Постепенно места дворян в зале стали занимать купцы, чиновники, студенты… Отныне вкусы купеческого сословия диктуют репертуар. Центр цыганского хорового пения постепенно сместился в рестораны.

Благо к 1850-м годам их в Петербурге, Москве и других крупных городах открывается огромное количество.
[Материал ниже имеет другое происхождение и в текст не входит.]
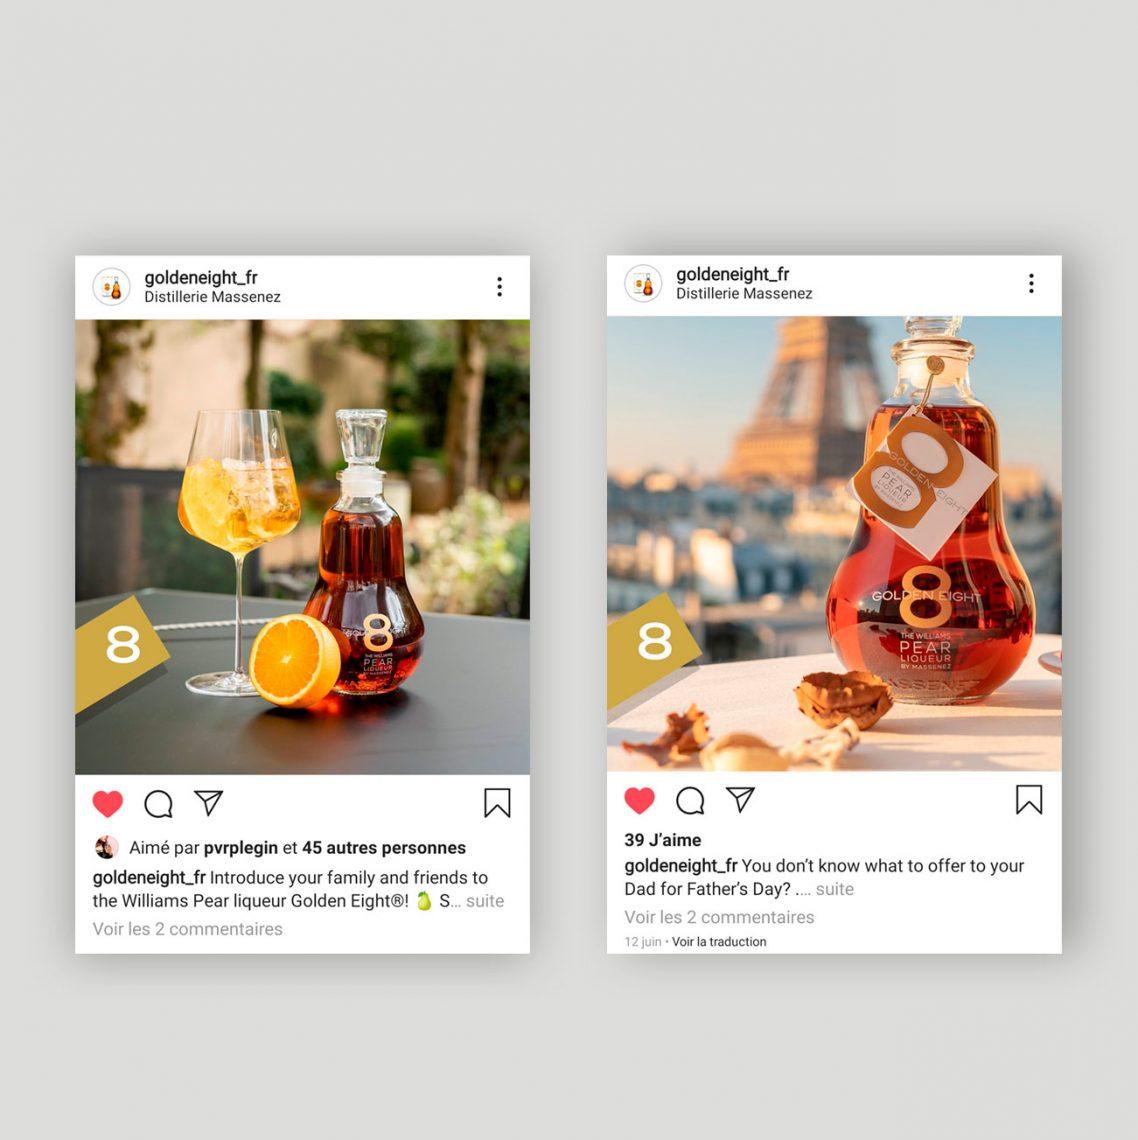 Posts Instagram

В 1846 году распахивает свои двери переехавший с Кузнецкого на Петербургское шоссе легендарный уже тогда воспетый Пушкиным «Яр». Вскоре конкуренцию ему составят «Стрельна», «Мавритания», «Эрмитаж»…
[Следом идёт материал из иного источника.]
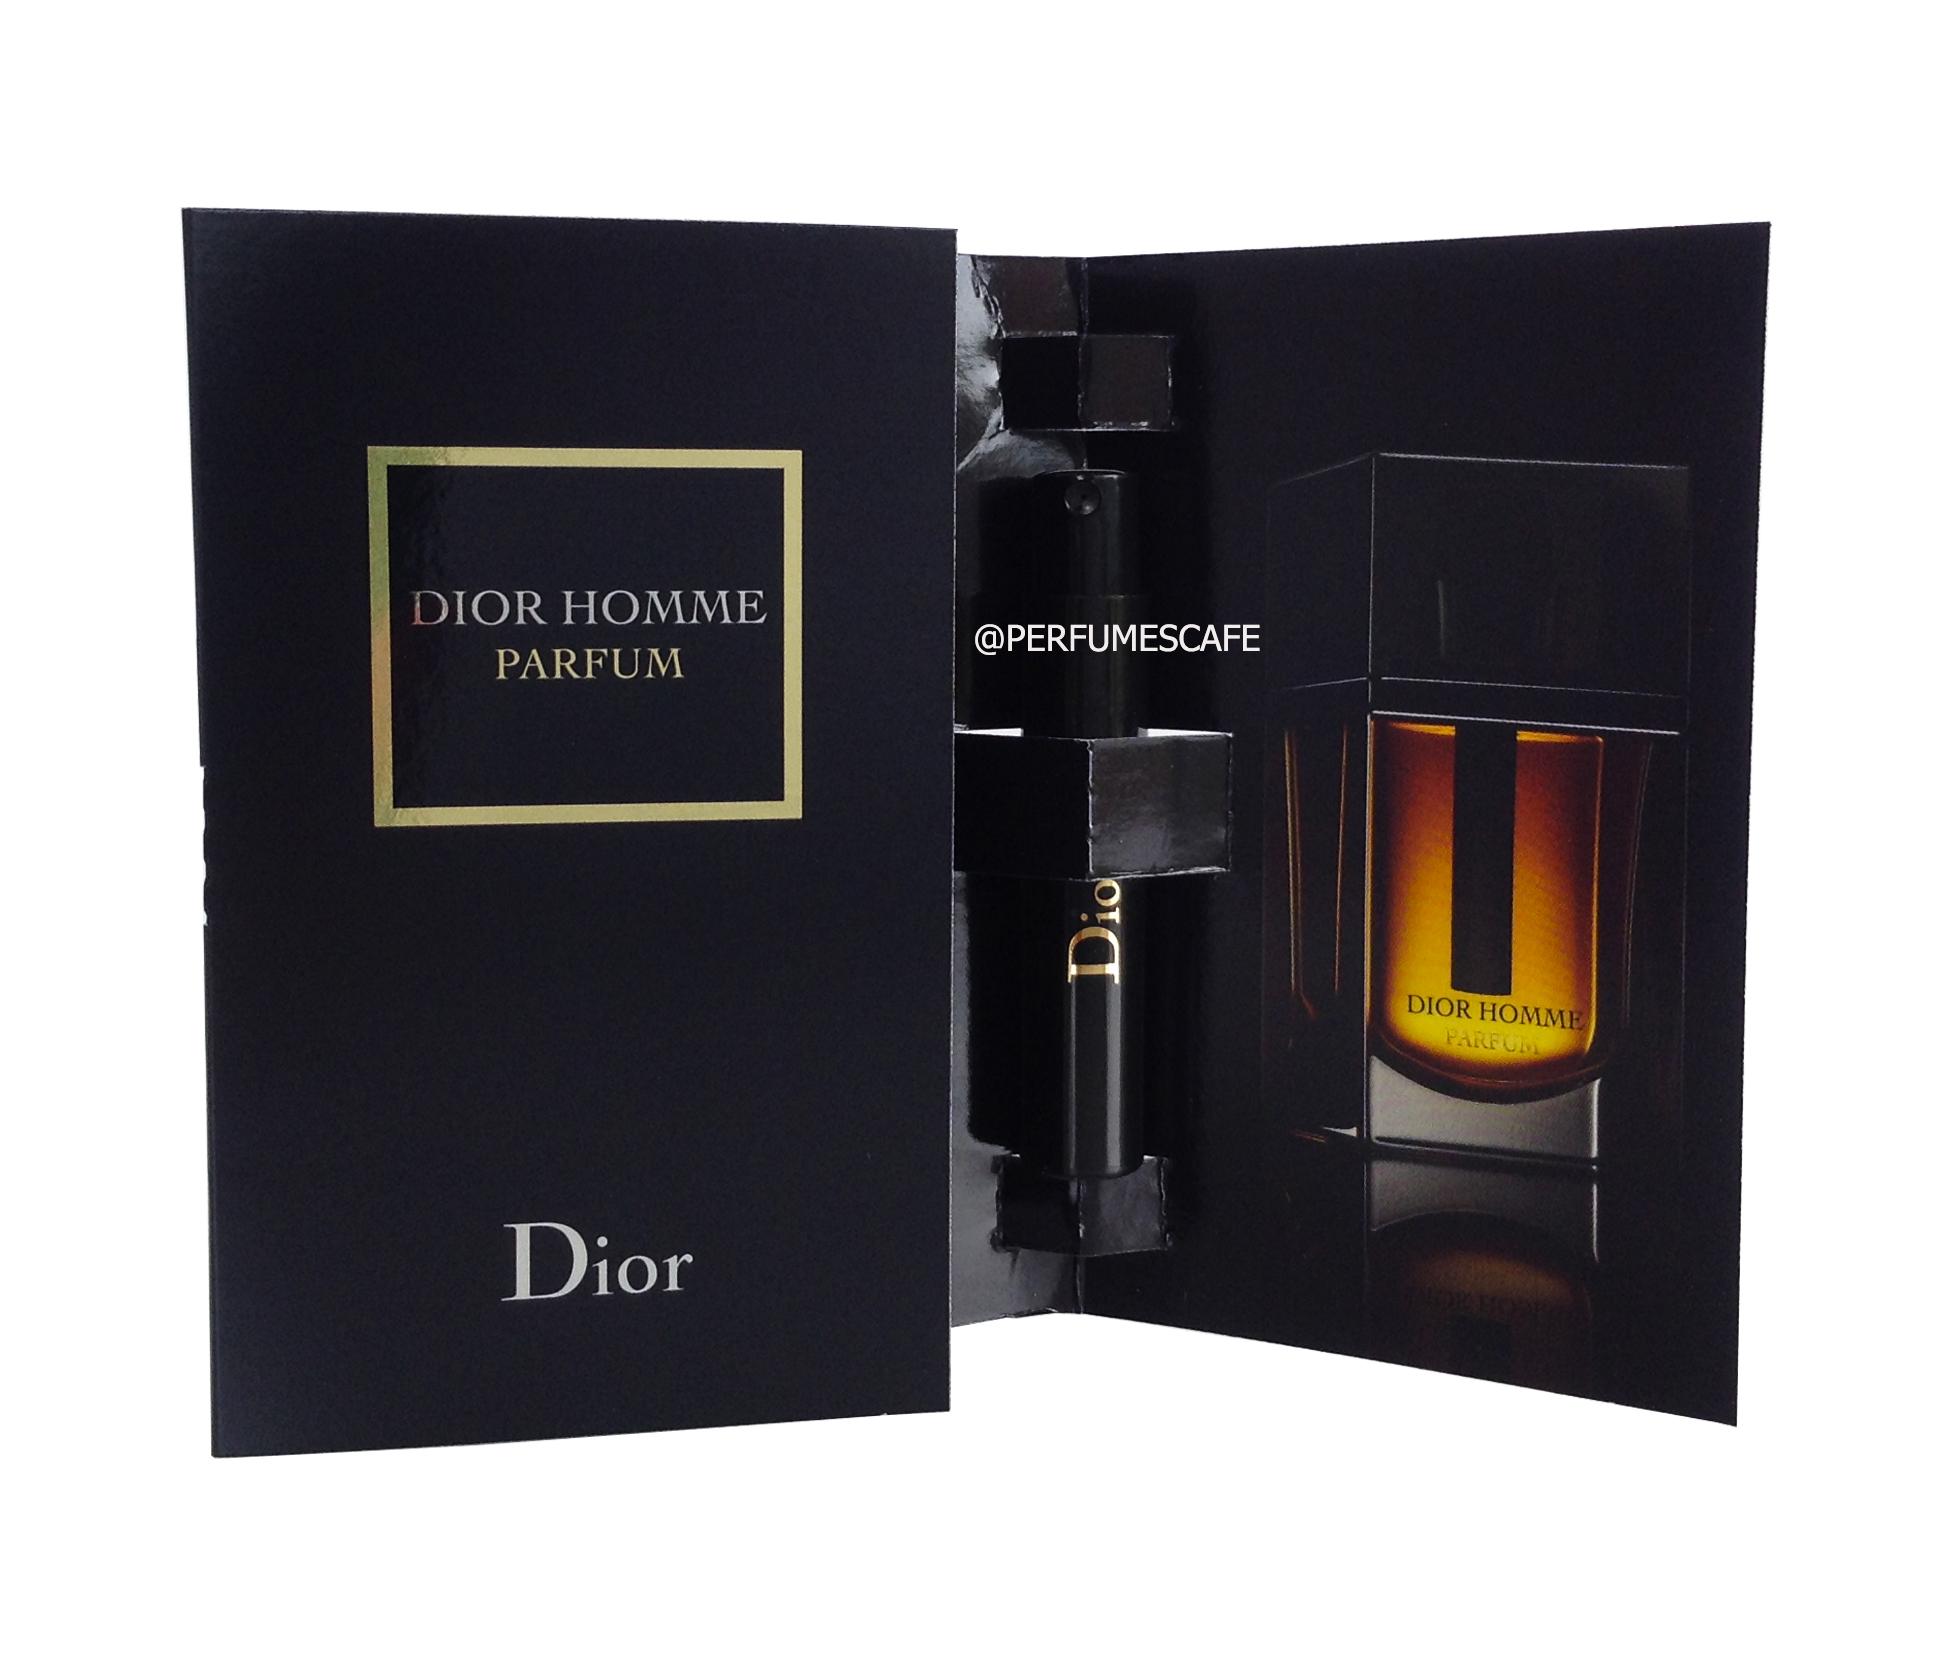 น้ำหอม Dior Homme Parfum for men ขนาดทดลอง 1ml

Но если в шикарных залах фешенебельных заведений звучали песни в исполнении лучших семейств хоровых цыган, то в заведениях попроще раздавались напевы, ужасавшие публику, знавшую других цыган:

«Было время, когда на Руси ни одной музыки не любили больше цыганской, когда цыгане пели русские старинные хорошие песни: “Не одна”, “Слышишь”, “Молодость”, “Прости” и т. д. и когда любить цыган и предпочитать их итальянцам не казалось странным, – напишет о золотом веке цыганского пения Л. Н. Толстой. – Теперь цыгане для публики, которая собирается в пассаже, поют водевильные куплеты: “Две девицы”, “Ваньку и Таньку” и т. д. Любить цыганскую музыку, может быть даже называть их пение музыкой, покажется смешным. А жалко, что эта музыка так упала. Цыганская музыка была у нас в России естественным переходом от музыки народной к музыке ученой».

«Неизвестно, к чему привел бы кризис, если бы уже в 1830-е годы не появился новый жанр – романс. Ему суждено было постепенно окрепнуть и оставаться основой репертуара вплоть до запрета уже во времена советской власти», – соглашается с классиком Т. Щербакова.

Хоревод Иван Васильев (гитарист, дирижер, композитор)

В середине XIX века в Петербурге были известны хоры племянника Ильи Соколова – Григория Ивановича, позднее лучшим коллективом стал хор Шишкина. На Москве гремели коллективы Николая Хлебникова, Федора Соколова, Ивана Васильева. Последний считался преемником Ильи Соколова. Современники считали, что он, будучи человеком иного темперамента, лишил прославленный коллектив былого огня, заставил звучать его более меланхолично, тягуче. Но так ли это?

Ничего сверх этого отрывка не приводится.